:: Directions ::
Give back the full listing verbatim, apart from its images.

:: Data excerpt ::
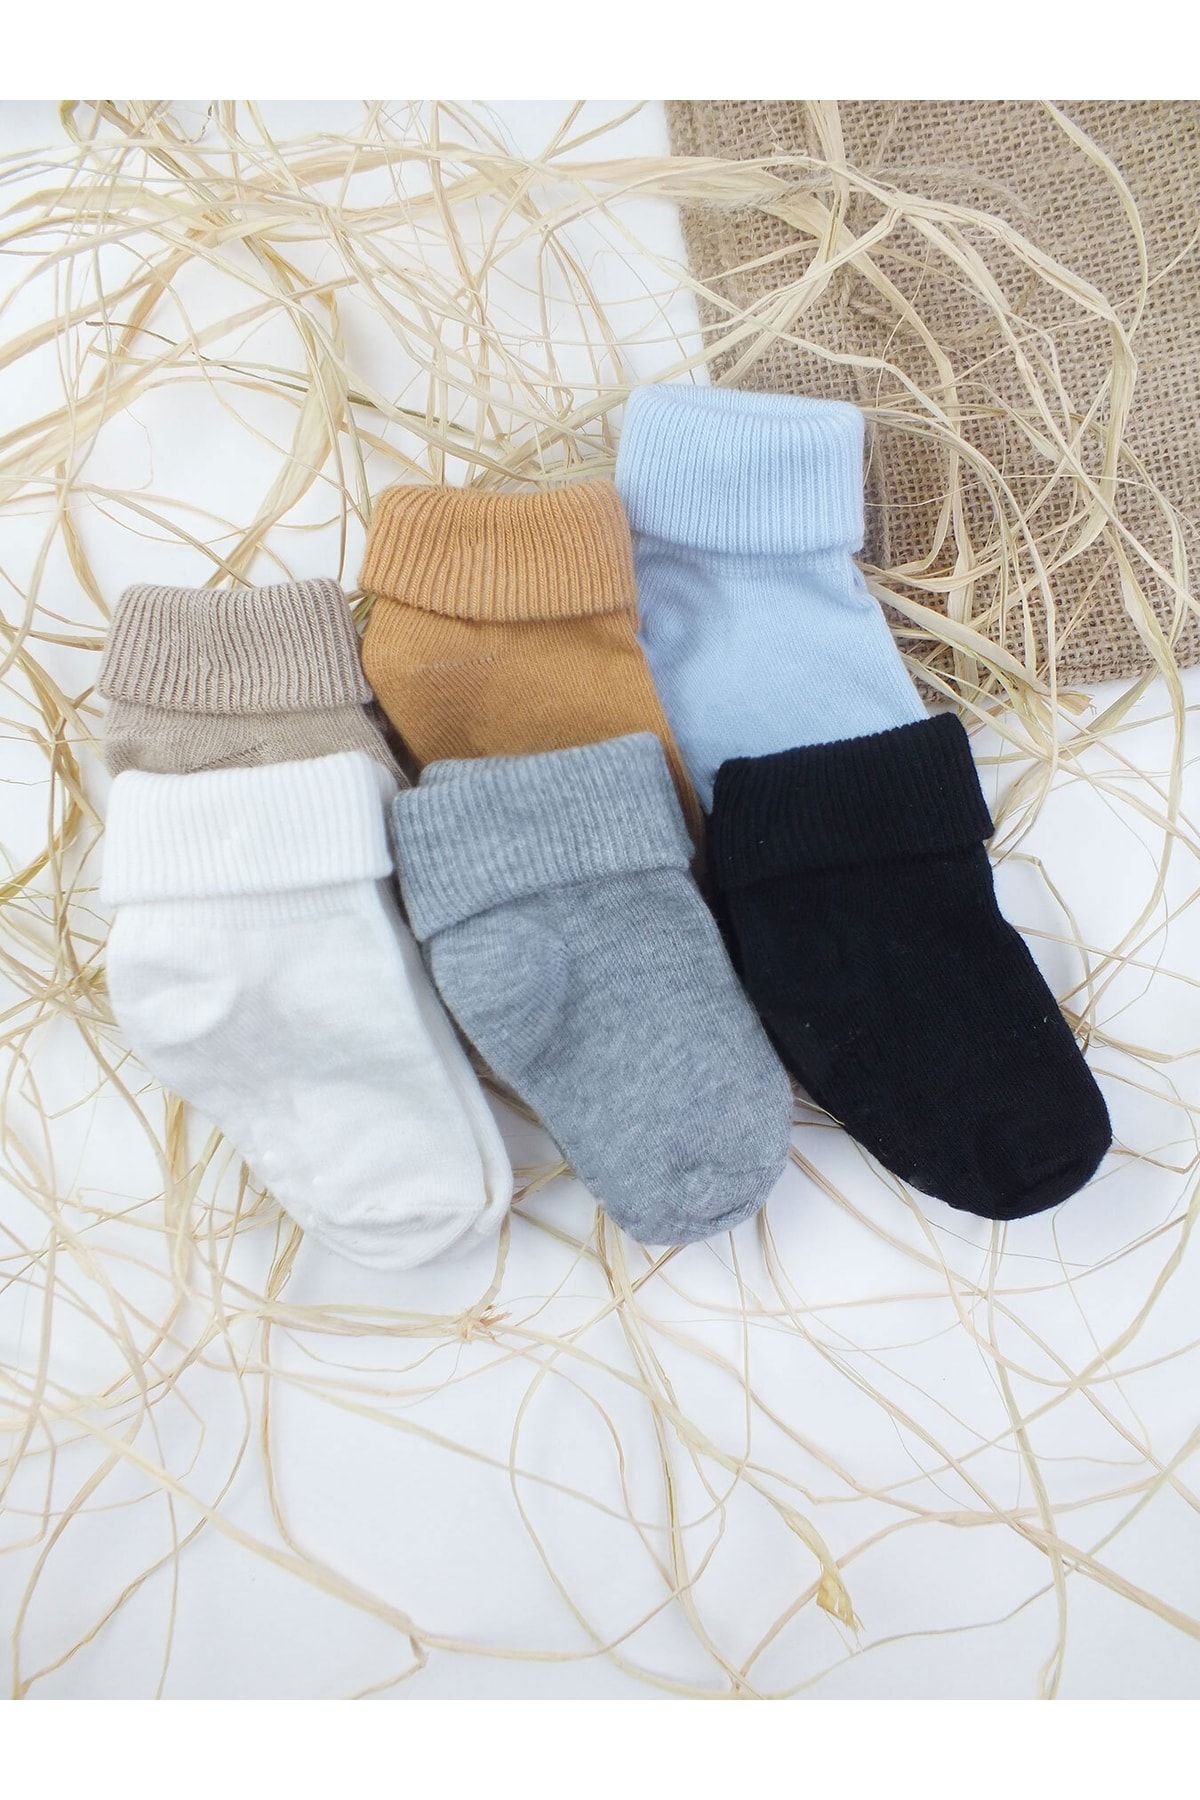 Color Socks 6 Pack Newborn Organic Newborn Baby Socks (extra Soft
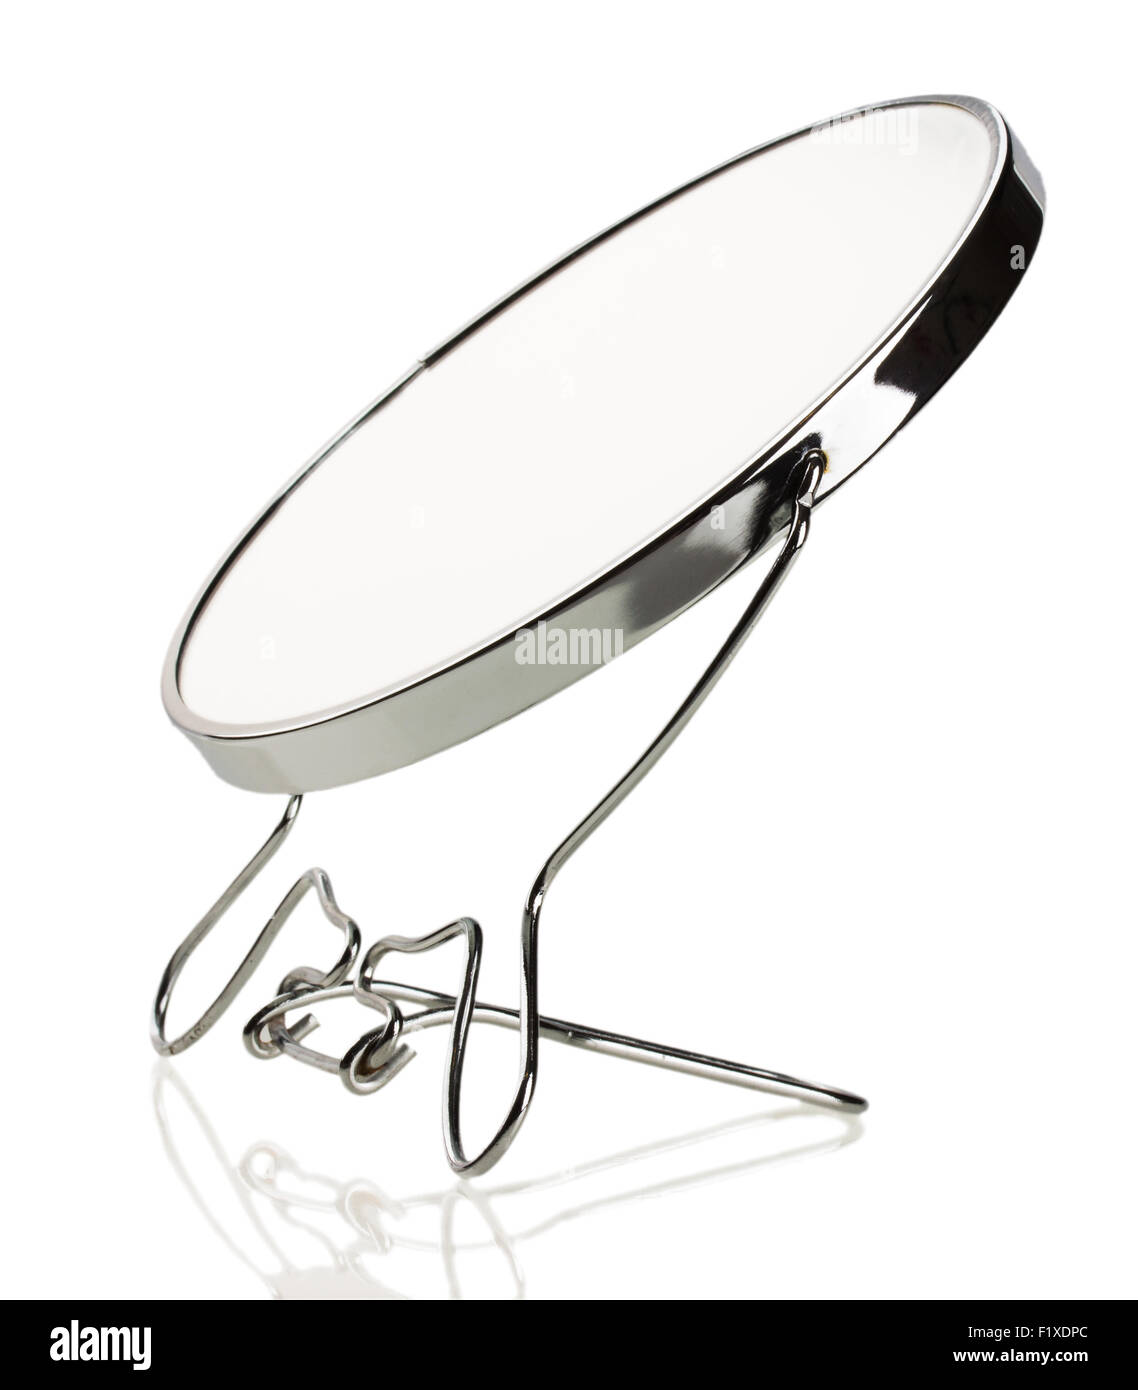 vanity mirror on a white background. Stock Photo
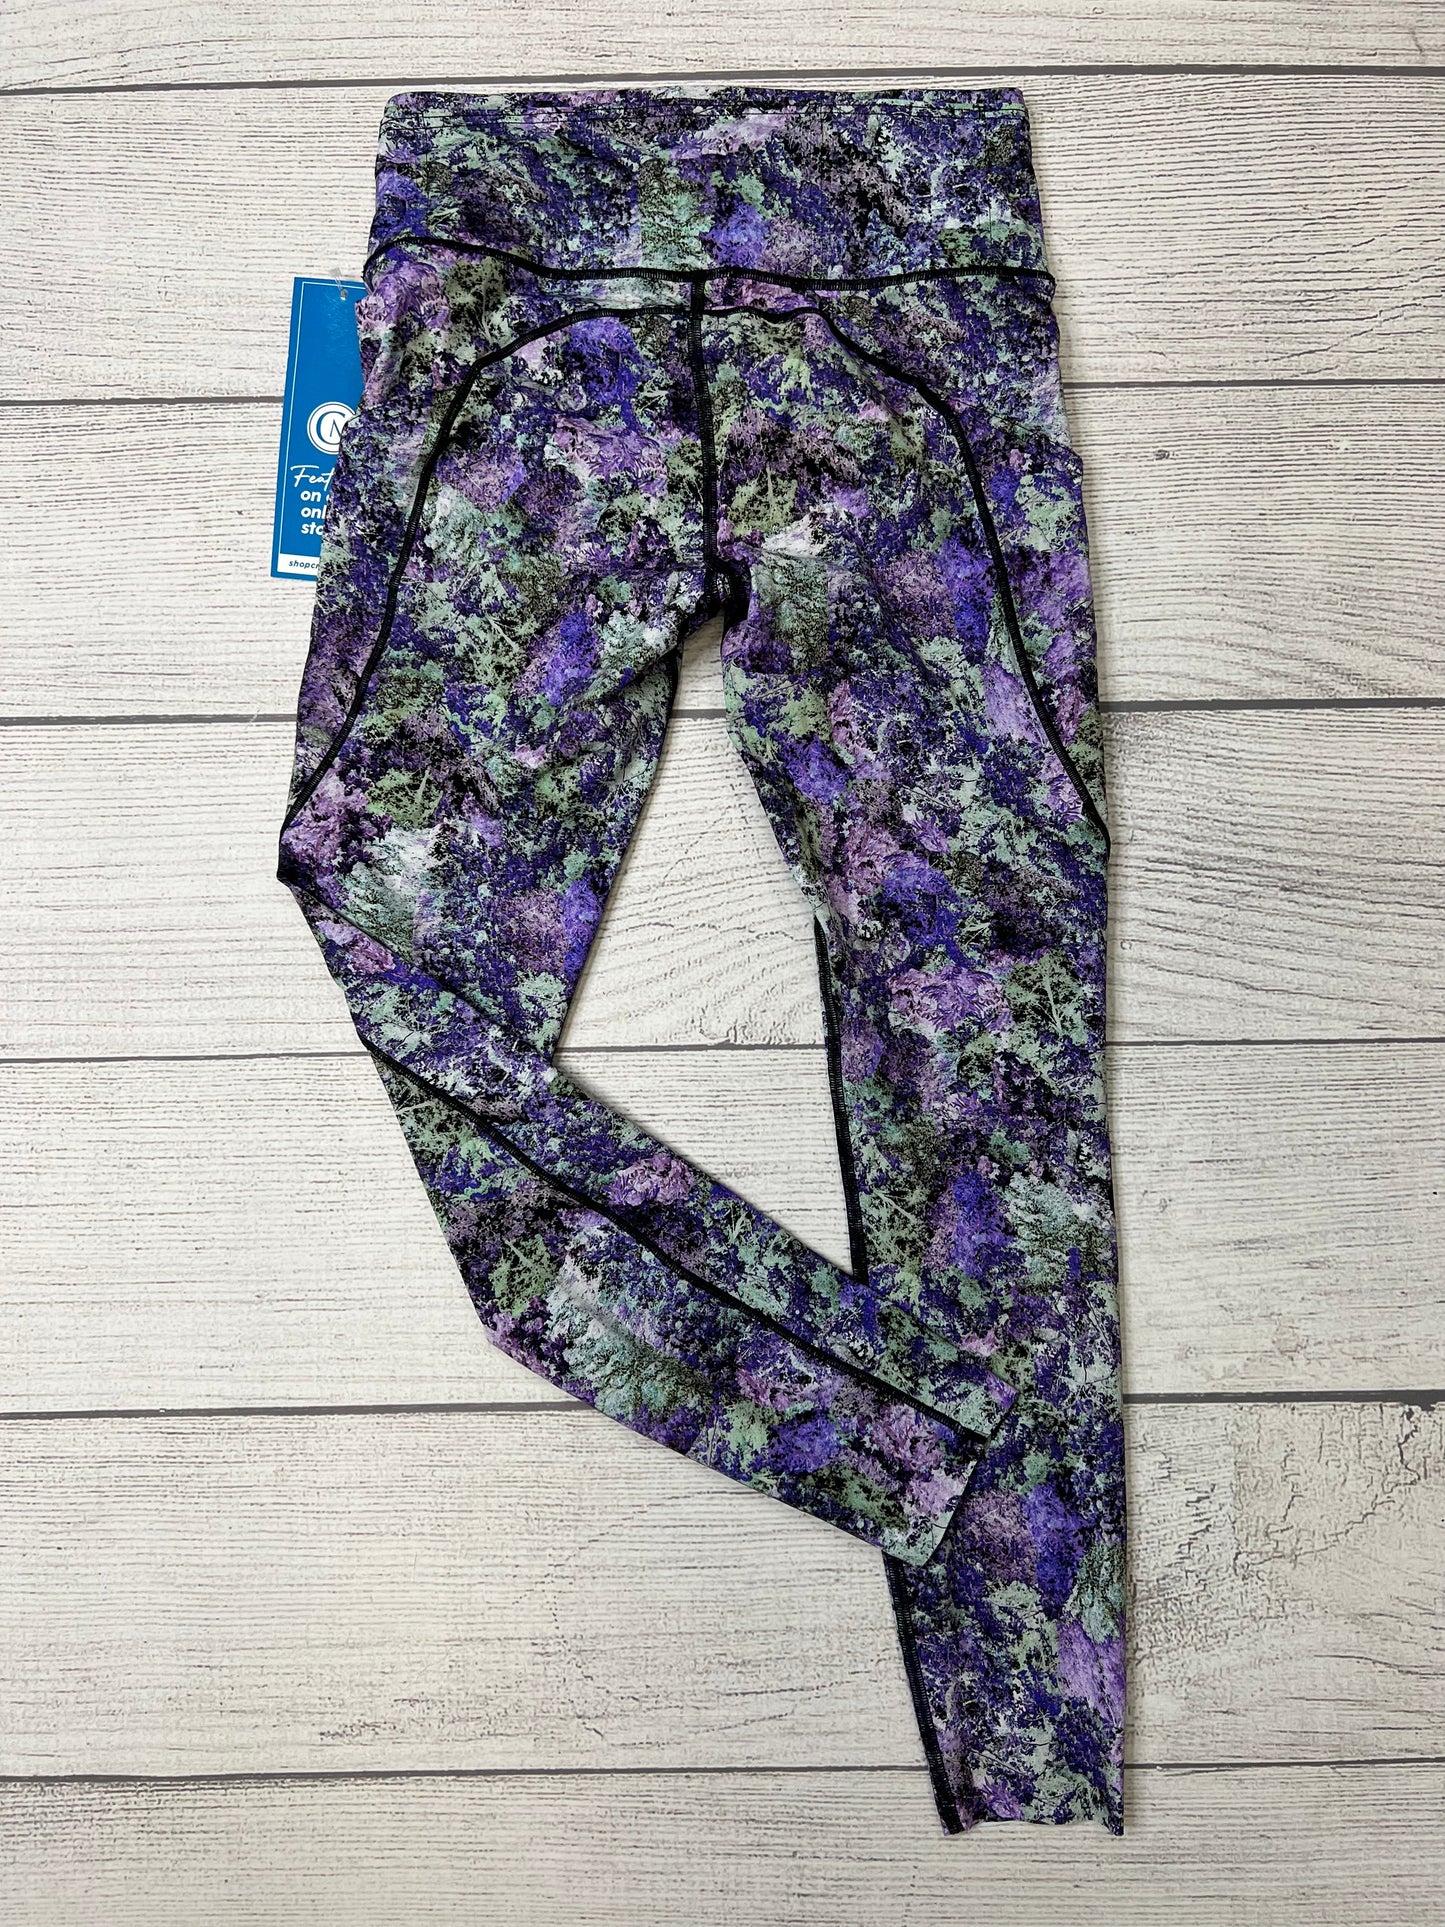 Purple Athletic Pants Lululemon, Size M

:: Answer to this problem ::
 Color Socks 6 Pack Newborn Organic Newborn Baby Socks (extra Soft
 vanity mirror on a white background. Stock Photo
 Purple Athletic Pants Lululemon, Size M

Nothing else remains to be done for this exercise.